Step 3: Notebook compatibility

Existing notebooks require no code changes for the Unified Studio migration. The kernel images, execution roles, and instance types are unchanged. The one area to verify is any notebooks that use hard-coded Studio Classic environment variables:

import os

# These environment variables exist in both Studio Classic and Unified Studio
# but verify they resolve correctly in your specific setup
print(os.environ.get('AWS_DEFAULT_REGION'))
print(os.environ.get('SAGEMAKER_DOMAIN_ID'))

# Studio Classic: uses STUDIO_DOMAIN_ID
# Unified Studio: uses SAGEMAKER_DOMAIN_ID (same value, different var name in some cases)
# Check your notebooks for environment variable references and update accordingly

Step 4: Data source connection verification

For notebooks that connect to Redshift, Athena, or S3 directly via execution role permissions — verify the project execution role has the same permissions in Unified Studio’s project context. If you are migrating to project-based IAM roles (recommended), you may need to add permissions that previously came from the user profile-level execution role.

Post-migration checklist:

  • All user profiles updated to Unified Studio default experience
  • At least one training job successfully submitted from Unified Studio
  • SageMaker Pipelines execute with expected outputs
  • Athena query access works from notebook (check Athena workgroup permissions)
  • S3 read/write access confirmed from a test notebook
  • Experiment tracking captures metrics as expected
  • Data Wrangler flows open correctly in integrated mode
  • Canvas projects accessible from within Unified Studio

Domain and User Profile Configuration for Multi-Team Deployments

The recommended topology for enterprise multi-team deployments has evolved with Unified Studio. Because the domain is now also a DataZone domain, the domain boundary has governance implications beyond just SageMaker isolation.

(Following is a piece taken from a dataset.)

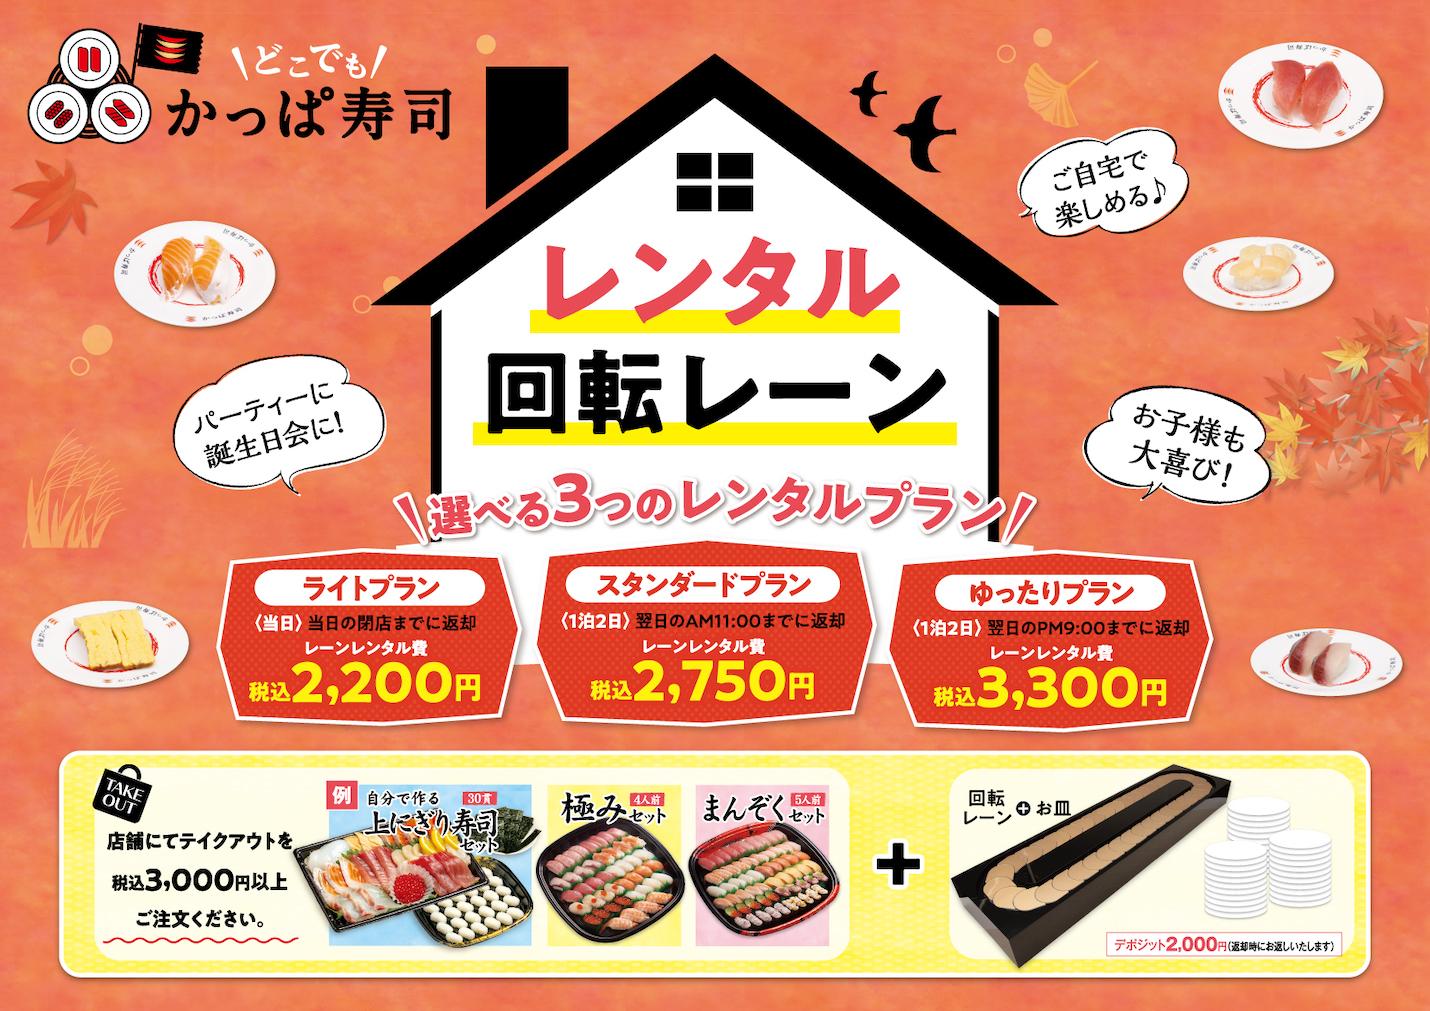 かっぱ寿司「レンタル回転レーン」

Recommended domain topology:

FinServCo ML Platform

├── Domain: fraud-ml (Account: ml-platform-prod)
│   ├── Project: fraud-feature-engineering
│   │   └── Execution Role: arn:aws:iam::ACCOUNT:role/fraud-feature-eng-role
│   │       Permissions: S3 (fraud-data/*), Glue (fraud_db), Athena, SageMaker
│   │
│   ├── Project: fraud-modeling
│   │   └── Execution Role: arn:aws:iam::ACCOUNT:role/fraud-modeling-role
│   │       Permissions: S3 (fraud-models/*), SageMaker Training, ECR, Bedrock (Claude 3.x)
│   │
│   └── Project: fraud-deployment
│       └── Execution Role: arn:aws:iam::ACCOUNT:role/fraud-deploy-role
│           Permissions: SageMaker Endpoints, CloudWatch, S3 (model artifacts, read-only)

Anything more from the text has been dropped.